Elucidating the neurodegnerative sequelae leading to VCID pathology.

Abstract

Vascular contributions to cognitive impairment and dementia (VCID) are one of the leading causes of dementia. High levels of plasma homocysteine or hyperhomocysteinemia has been characterized as a risk factor for VCID however, the mechanism underlying this connection remains elusive. I hypothesize that hyperhomocysteinemia initiates a pro-inflammatory cascade that increases the activity of matrix metalloproteinase 9 (MMP9) causing perivascular astrocytes to dissociate from their vessels, leading to blood brain barrier dysfunction and the progression toward VCID pathology. For in vivo studies, C57BL6 WT mice were placed on a control diet or a diet deficient in folate, vitamins B6 and B12 and enriched in methionine to induce hyperhomocysteinemia for 6, 10, 14, or 18 weeks. Immunohistochemistry and gene expression analysis were used to determine neuroinflammatory changes while histology was used to identify changes in astrocytic end-feet proteins and microhemorrhages. Gel zymography was used to assess proteinase activity of MMP9. Behavior was assessed using the 2-day radial arm water maze. For in vitro, experiments, primary astrocytes obtained from both WT and MMP9 null mice were placed in a co-culture model with WT primary endothelial cells.
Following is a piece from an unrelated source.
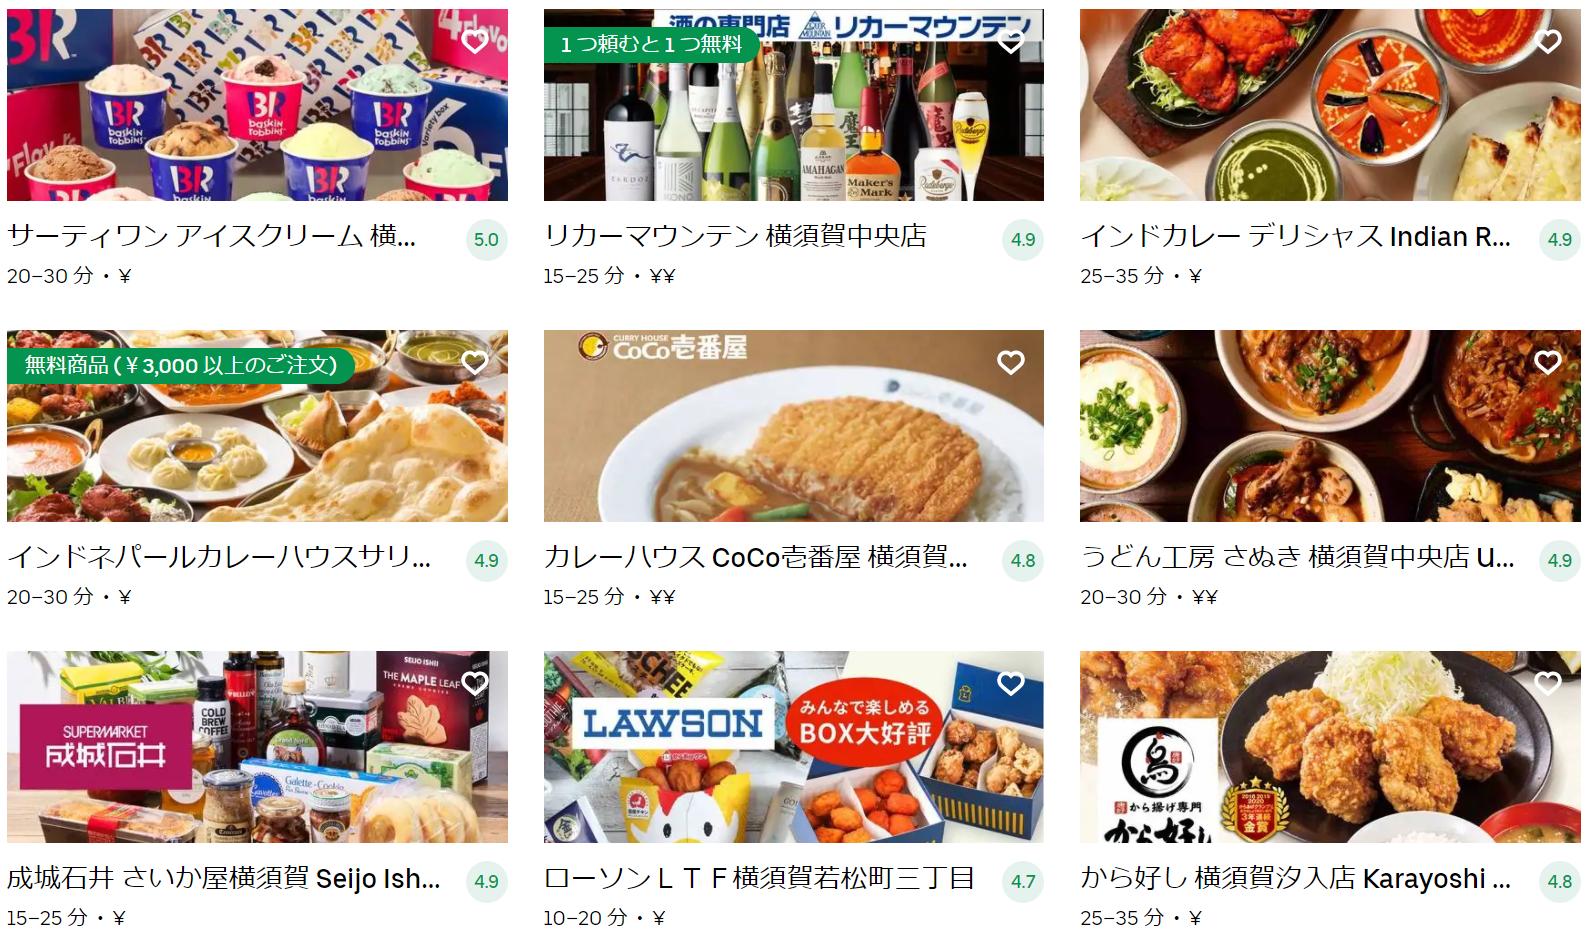 横須賀市エリアのおすすめUber Eats(ウーバーイーツ)メニュー

Trans-endothelial electrical resistance measurements were used to assess blood brain barrier integrity in response to homocysteine in vitro. After 6 weeks of diet administration, we saw a significant increase in gene expression of TNFα, IL-1β, IL-6 and IL-12α. This was followed by increases in MMP transcription and proteinase activity seen at 10 weeks on diet. Also, beginning at the 10-week time point, cognitive deficits became detectable, which coincided with significant disruptions between astrocytic end-feet and the cerebrovasculature. Finally, there was a significant increase in the number of microhemorrhages after 14 weeks on diet. In vitro, astrocytes showed an increase in MMP9 after 48 hours of homocysteine treatment. Collectively, our findings suggest that astrocytic MMP9 may play an integral role in the mechanism associating homocysteine induced neuroinflammation with vascular pathogenesis leading to VCID. Continued study of the cell specificity and mechanism of MMP9 mediated vascular pathology will allow us to systematically target the various stages of disease and ultimately prevent the progression of VCID.